* Exercise prompt
Below, some lines carry pictures; leave those pictures out and retype exactly the lines from the one with "KLEPPSTAD Wardrobe with" through the one with "Advert - Keynote".
START Given entries
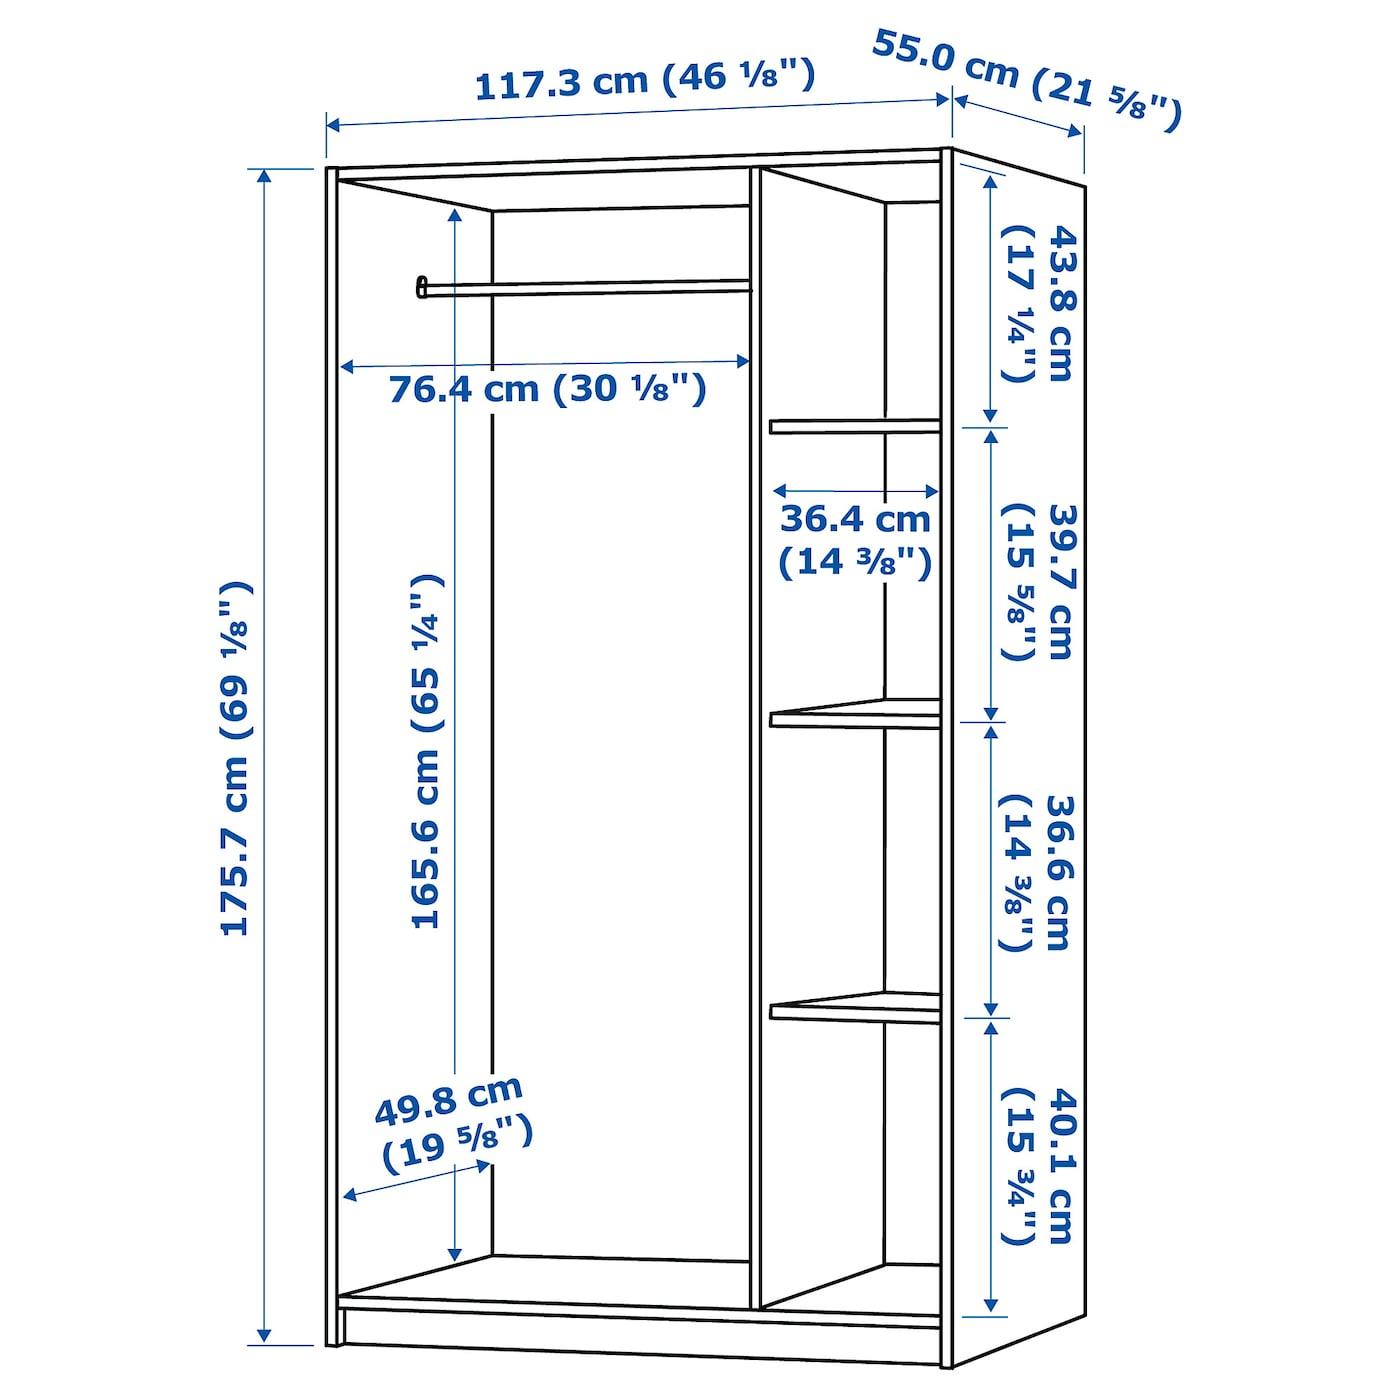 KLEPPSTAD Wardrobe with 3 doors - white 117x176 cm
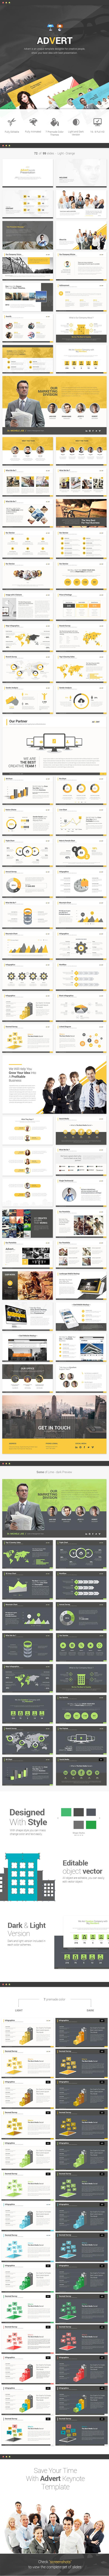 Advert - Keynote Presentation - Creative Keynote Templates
END Given entries
START Given entries
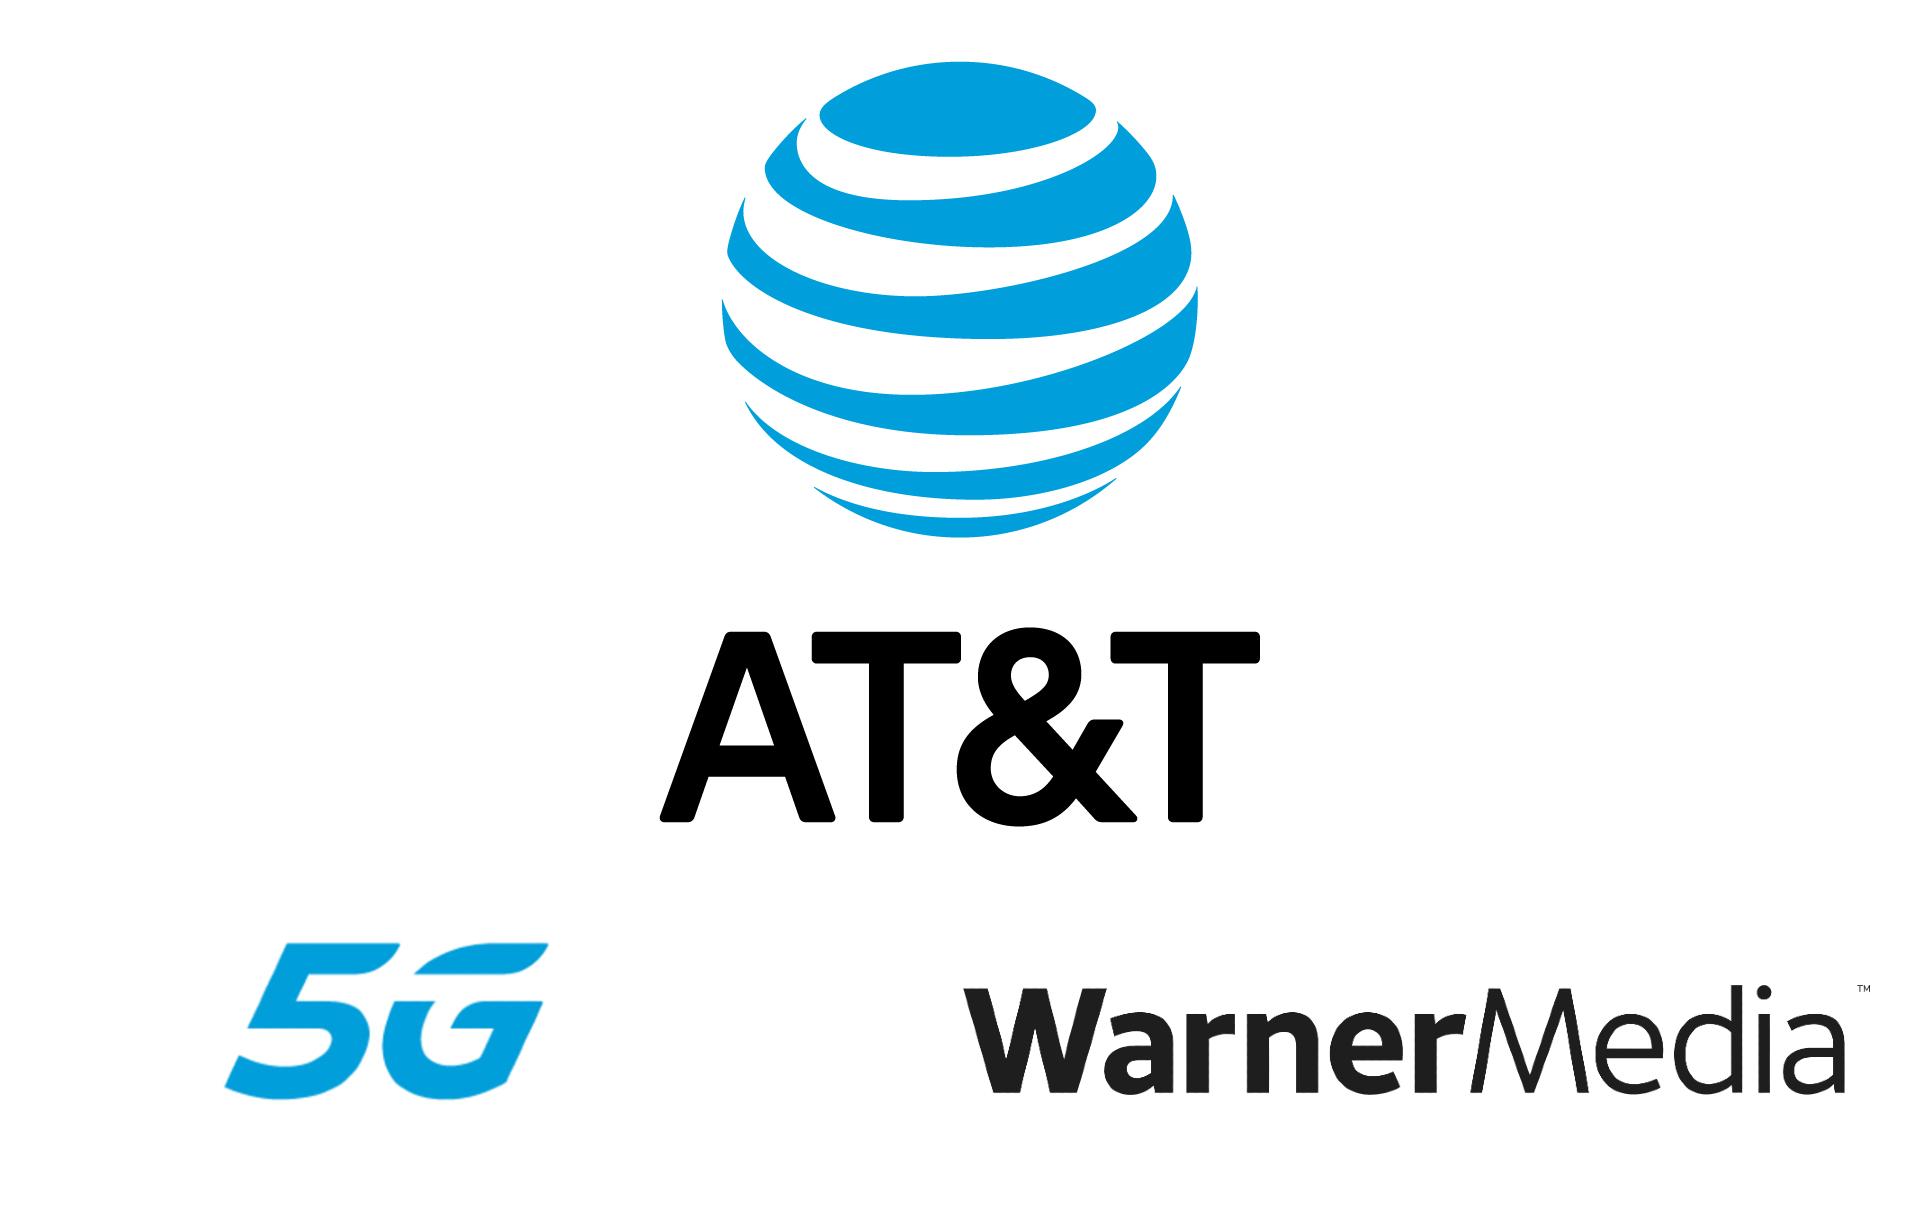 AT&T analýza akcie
END Given entries
* Finished task
 KLEPPSTAD Wardrobe with 3 doors - white 117x176 cm
 Advert - Keynote Presentation - Creative Keynote Templates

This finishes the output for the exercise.